Pronto se produjeron roces a causa de los privilegios y derechos de la compañía y de los ciudadanos estadounidenses en el Paraguay. En 1854 se canceló a Hopkins su patente de cónsul y los bienes de la compañía fueron confiscados.

En Enero de 1855, como insulto final, un navío perteneciente a Estados Unidos, el “Water Witch” de la expedición científica, fue tiroteado desde un Fuerte paraguayo mientras trataba de entrar en el río Paraguay y el timonel fue asesinado.

Como tan a menudo ocurría en sus tratos con los ciudadanos de países extranjeros, López se negó a presentar sus excusas. Con el tiempo, el Congreso de los Estados Unidos destinó fondos para enviar una comisión al Paraguay respaldada por una poderosa expedición y obligar a este país al pago de una indemnización.

Cuando estas noticias llegaron a Río de Janeiro a fines de Julio de 1858, De la Peña pensó que Urquiza podía lograr la eterna gratitud del Paraguay si se presentaba en esa emergencia como mediador. El presidente de Paraguay contestó con palabras que indicaban que no era indiferente al ofrecimiento de amistad de la Confederación.
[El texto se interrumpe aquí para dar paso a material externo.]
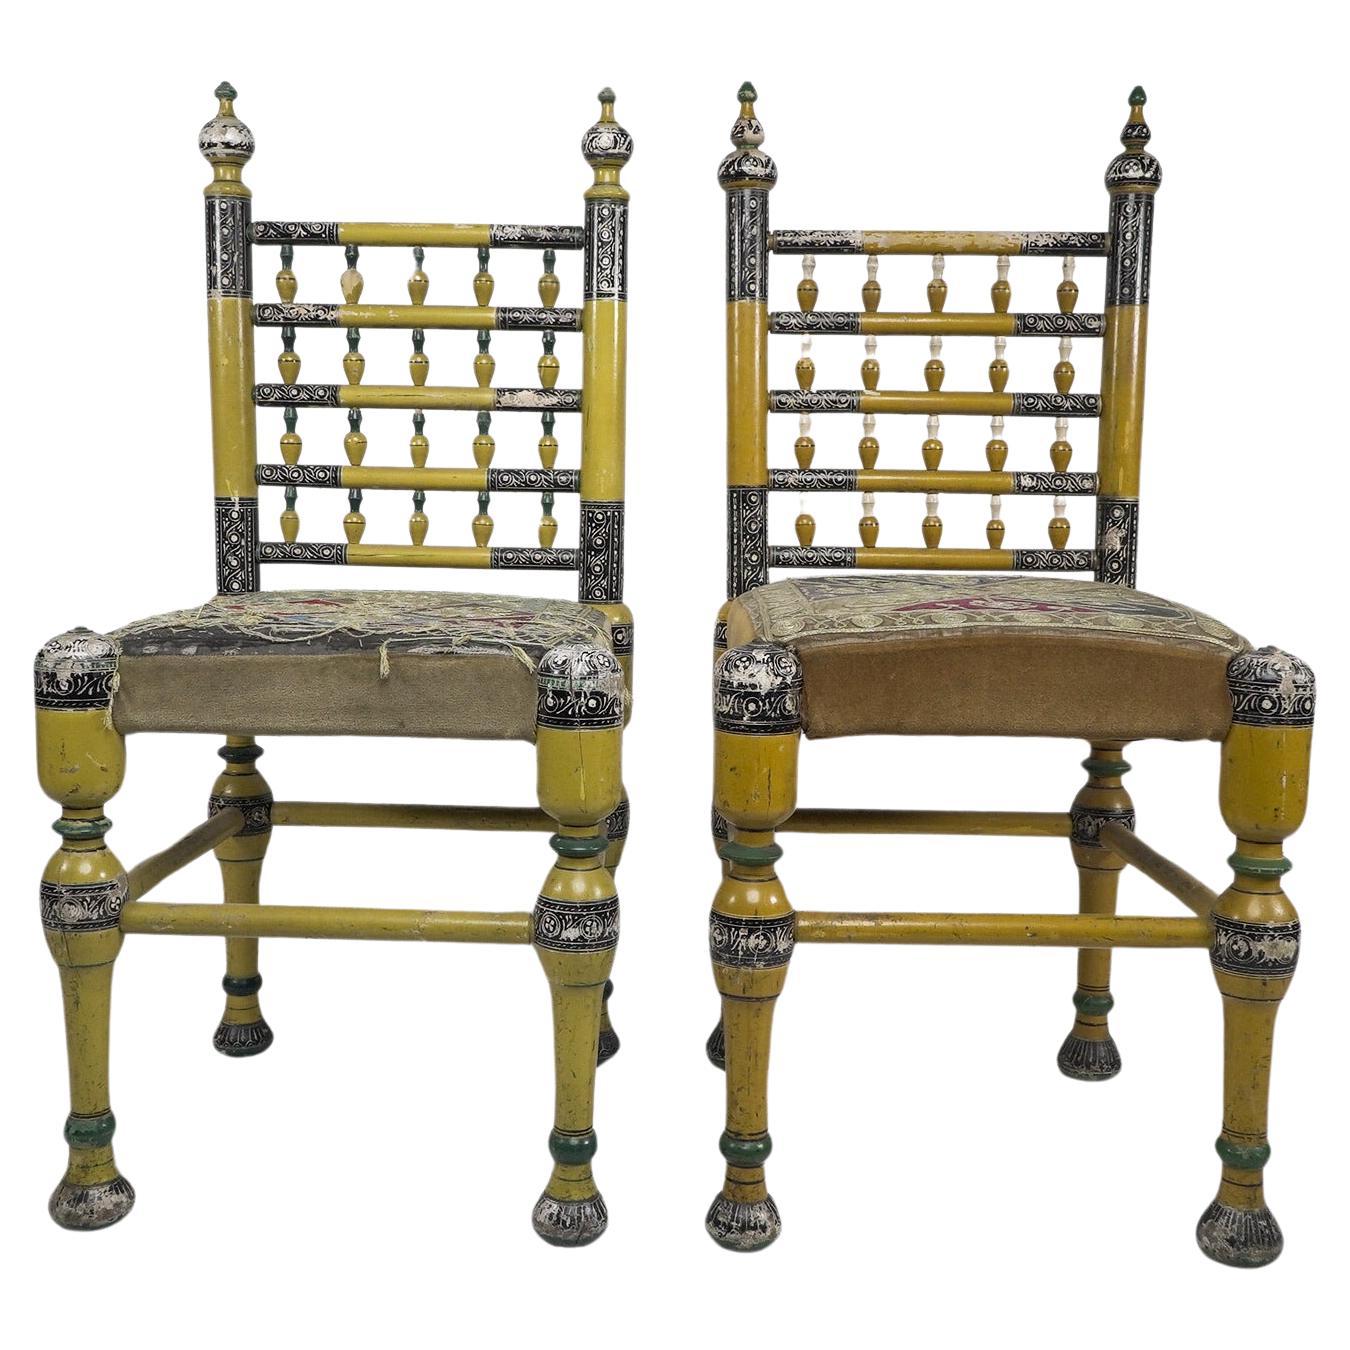 Indian Rajasthani. A rare pair of period side chairs finely painted in polychrome colours with the original floral gilt chord embroidery seats, the seats a little worn with minor losses to the paint. Price for the pair.

Si bien declaraba que estaba seguro que se produciría una completa ruptura de relaciones con los Estados Unidos, ya que Paraguay no podía entregarse al primer pirata que aparecía por sus costas, expresó que apreciaba el ofrecimiento de Urquiza.

Agregaba que deseaba conocer la opinión de Urquiza sobre el conflicto y la posible solución que podría lograrse con su mediación; el tiempo era esencial si los Estados Unidos habían resuelto atacar. De resultas de ello se sugirió una entrevista entre los dos presidentes para discutir los alcances de la expedición de los Estados Unidos; Urquiza propuso que se llamara a De la Peña desde Río para que participara en la conferencia(46).

(46) C. A. López a Urquiza, 20 de Septiembre de 1858; Urquiza a C. A. López, 29 de Octubre de 1858. Archivo General de la Nación, Archivo del general Justo José de Urquiza. // Citado por James R. Scobie. “La Lucha por la Consolidación de la Nacionalidad Argentina. 1852-1862” (1964). Ed. Librería Hachete S. A., Buenos Aires.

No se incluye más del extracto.